Your second code example seems mostly OK. However, I suggest throwing away the PathHelper, it's just expanding the codebase for no good reason (unless you want to make extension methods, which would not be that bad an idea, but then you have to keep the constructor public, to make it accessible outside the class and this defeats the purpose of protecting consumers from invalid instances). Place the method inside the NamePath class, close to where it matters.

public class NamePath
{
   public string Name {get; private set; }
   public string LastName { get; private set; }

   //Now I can have the constructor private, because I don't want
   //anyone to ever write (e.g.):
   //new NamePath("Humphrey", "Bogart");
   //or they will get some bad behavior in other places of the code
   //where it is assumed that NamePath instances are reasonable and
   //have been created properly.
   private NamePath (string name, string lastName)
   {
       Name = name;
       LastName = lastName;
   }

   public static bool TryParsePath(string path, out NamePath output)
   {
       if (ParsingOkay())
       {
           //create instance and assign to output
           return true;
       }

       output = null;
       return false;
   }
}

Now, after you have put everything in place, think about the following two lines of code:

  • new NamePath(myPath);

  • bool parseSuccessful = NamePath.TryParse(myPath, out NamePath namePath, out ParseErrors potentialParseErrors);

Would you prefer to consume the first or the second version? How would you feel as a consumer, if you knew that the two are equivalent (only you have to catch a couple of exceptions in the first case)? How would you feel as a consumer if you just had NamePath class with a constructor, and you had to dive into the instructions to find out if anything special takes place in the constructor, which you have to watch out for? Would you be prepared to do that for every object constructor you come across within a library?

Take-home message

Try to avoid constructing objects from strings when those strings play a special role for the object and need to have a specific format. Write concise methods that make the consumer feel adequate unease to guard themselves and/or read the instructions. Make consumers feel at ease when just calling constructors... any constructors.

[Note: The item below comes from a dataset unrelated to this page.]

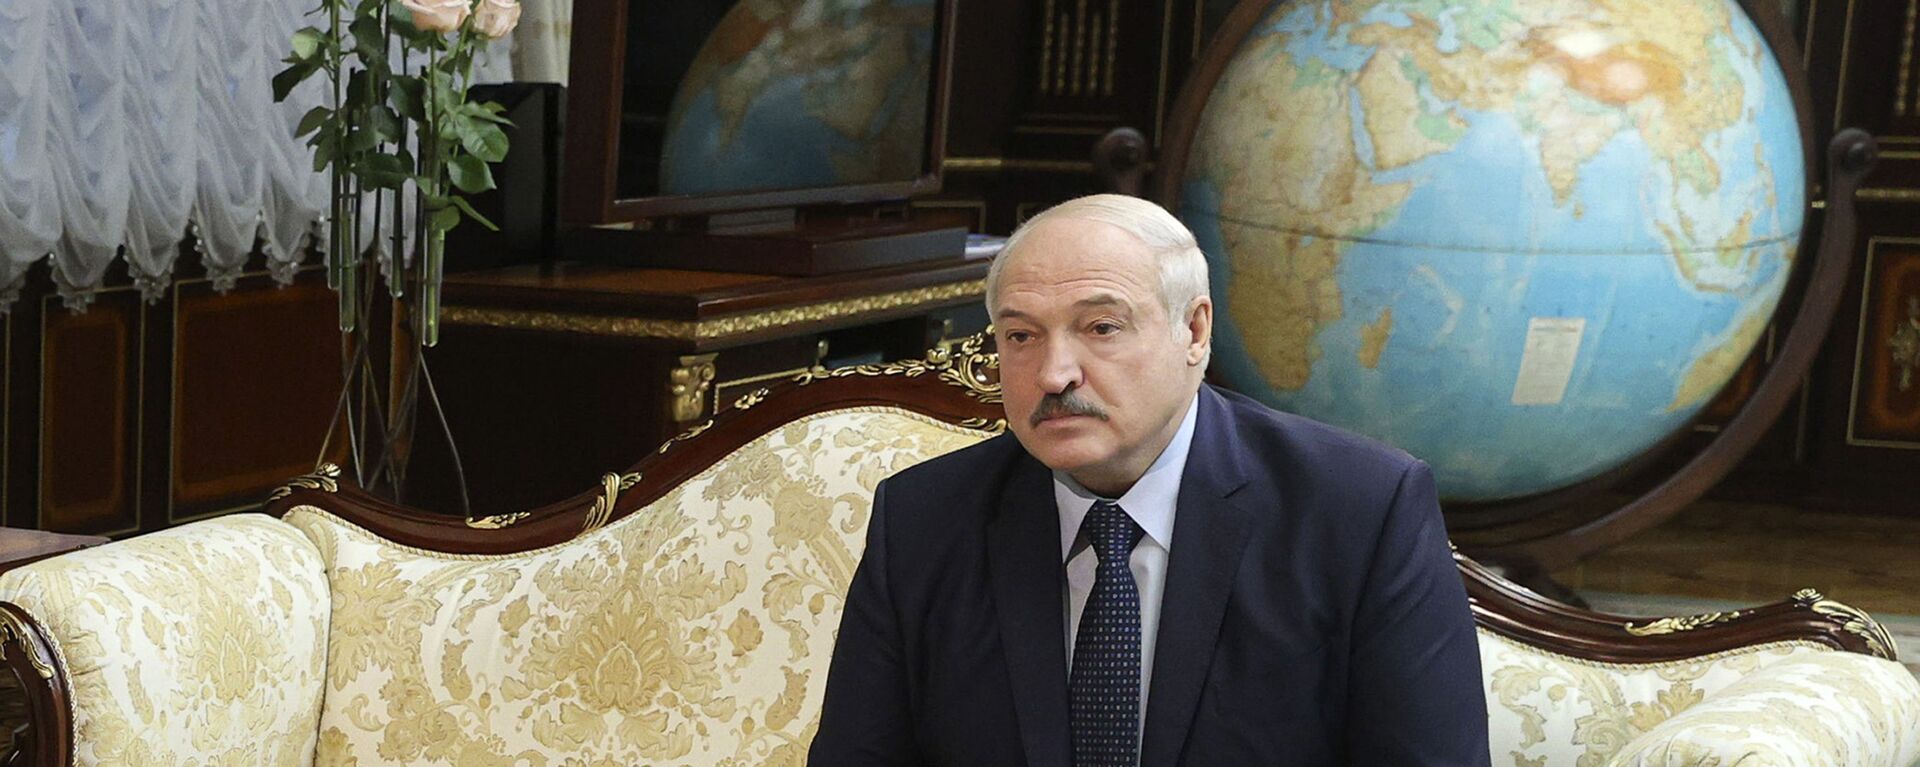 Президент Белоруссии Александр Лукашенко - Sputnik Литва, 1920, 25.05.2021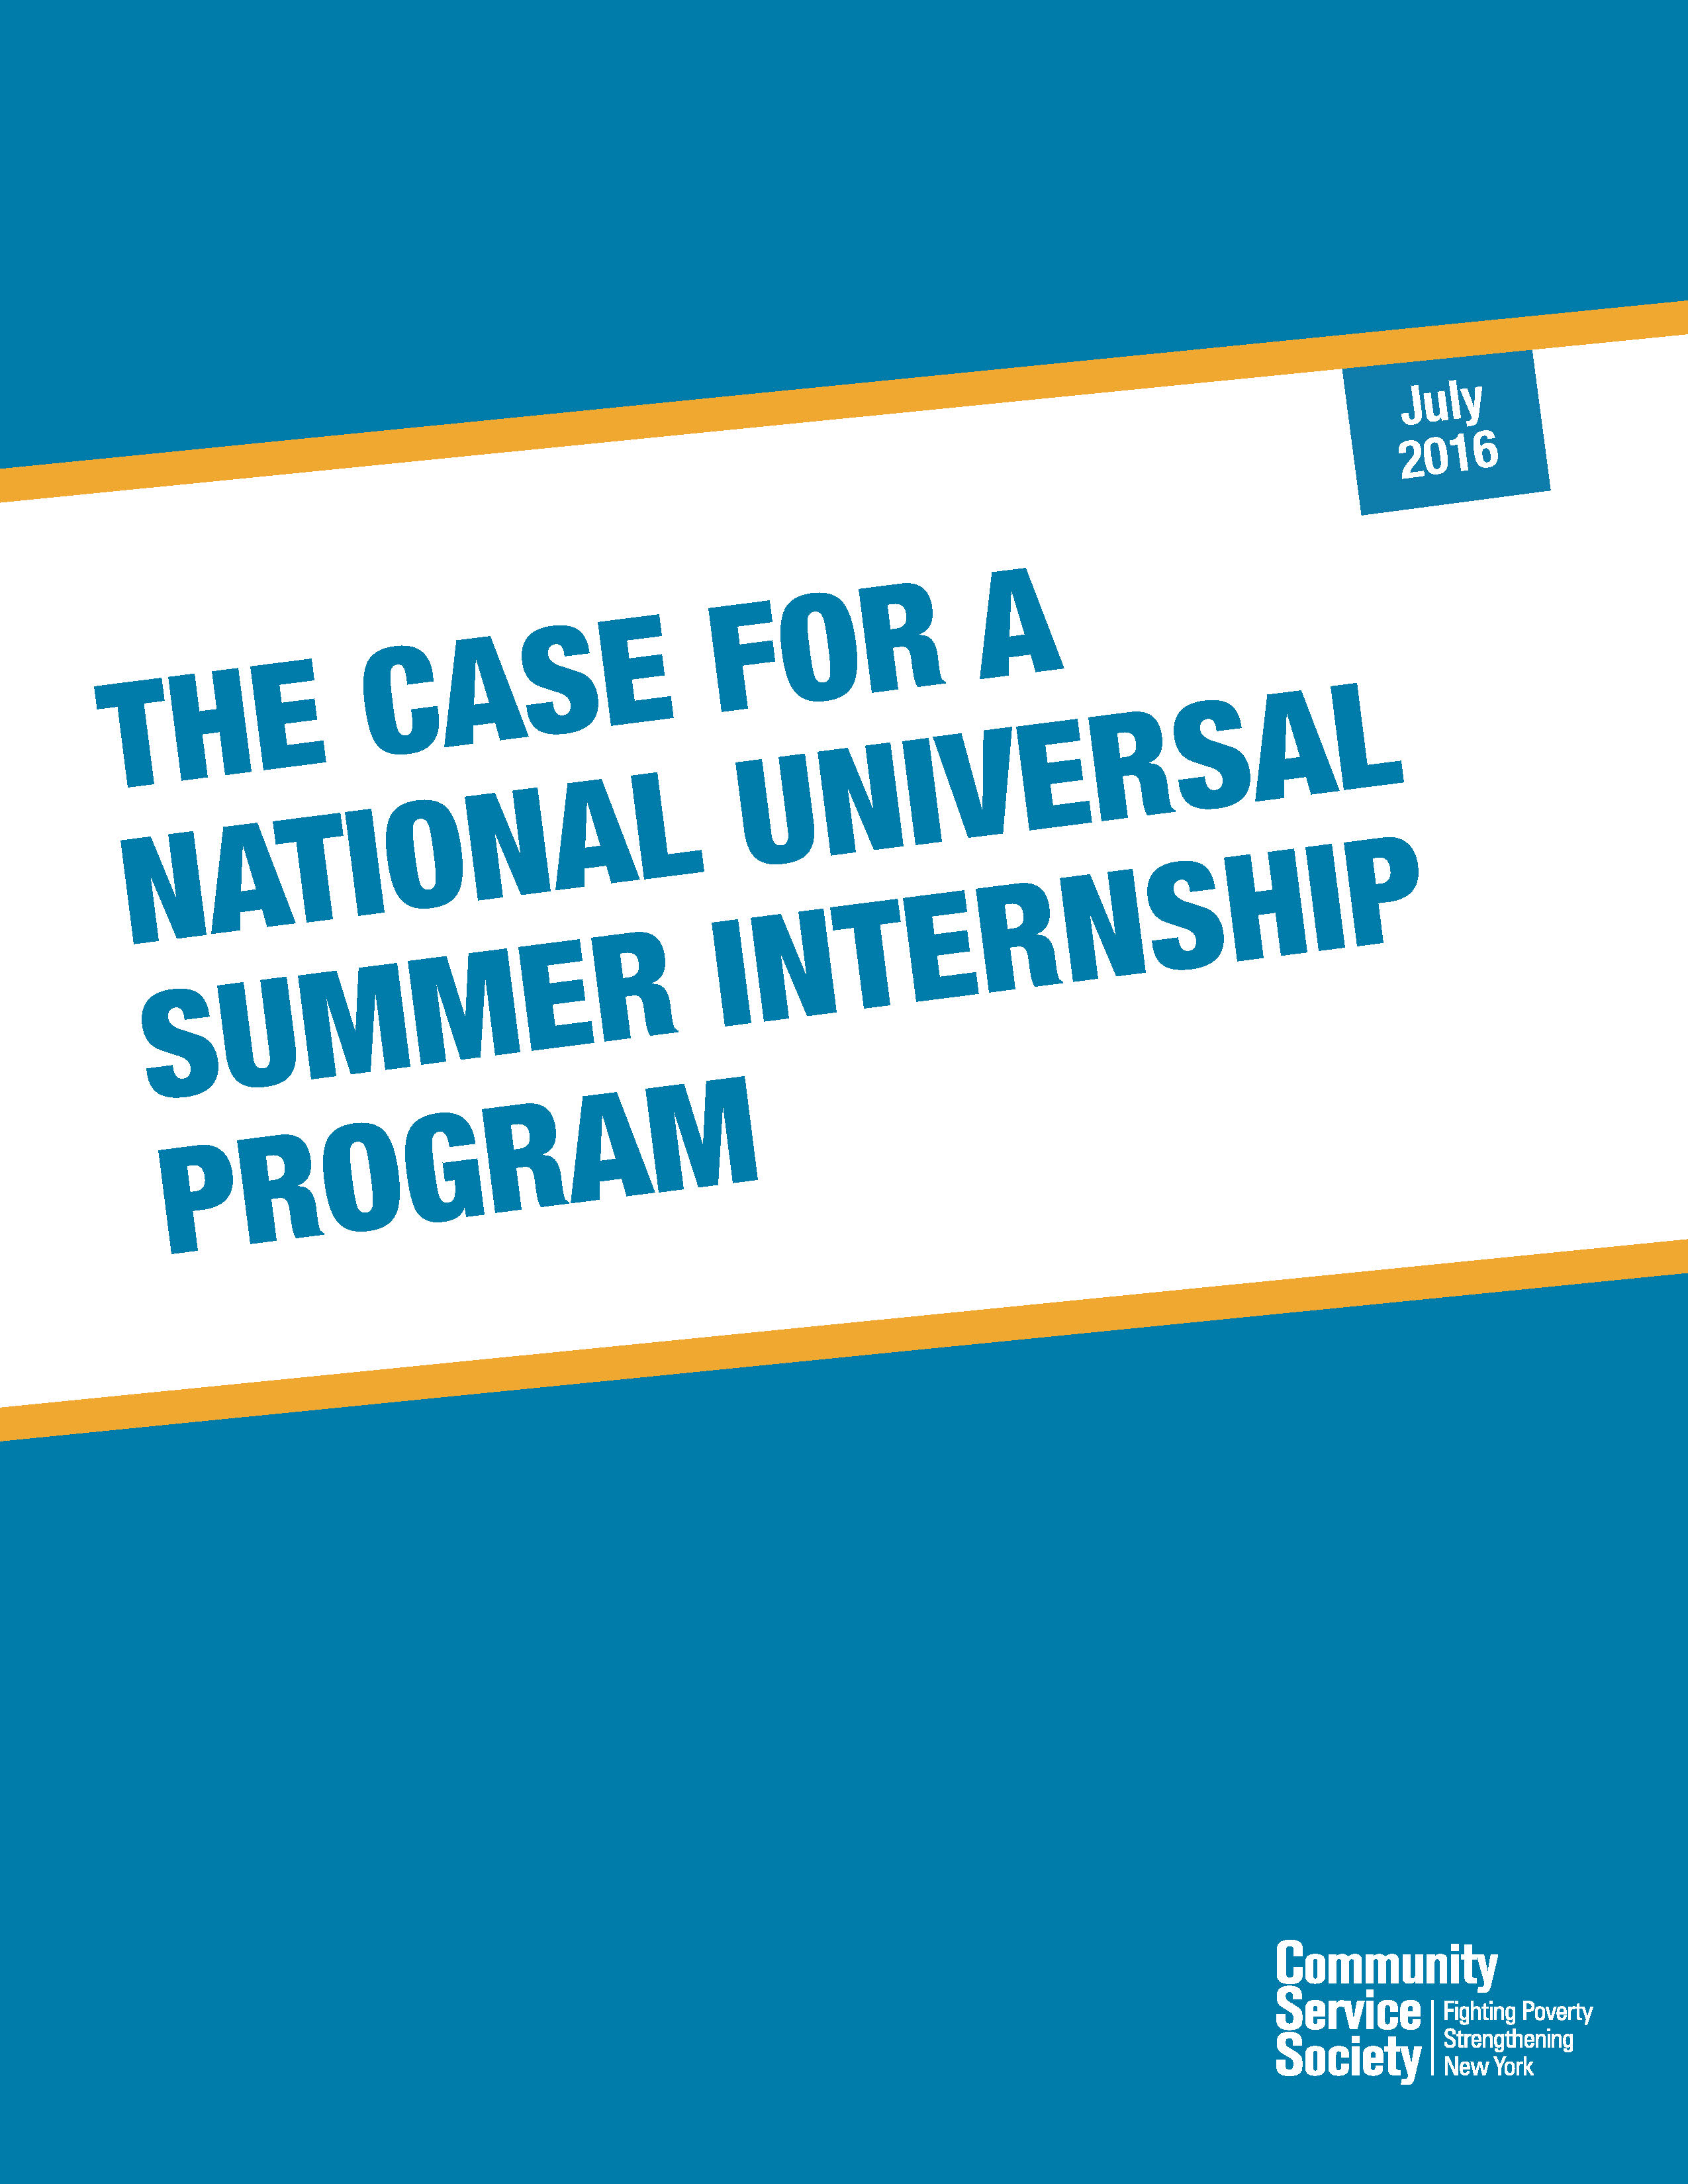 The Case For a National Universal Summer Internship Program

In short, there is no special reason to throw or not to throw specific exceptions in a constructor (other than the structural integrity ensuring ones, i.e. ArgumentNullException and ArgumentException). It is just a consistent plan, the simplest one, really, to not perform additional logic and, as a result, not throw any more specialized exceptions at all. It reduces entropy, it is more productive, easier to follow, and requires a lot less guesswork from the consumer perspective.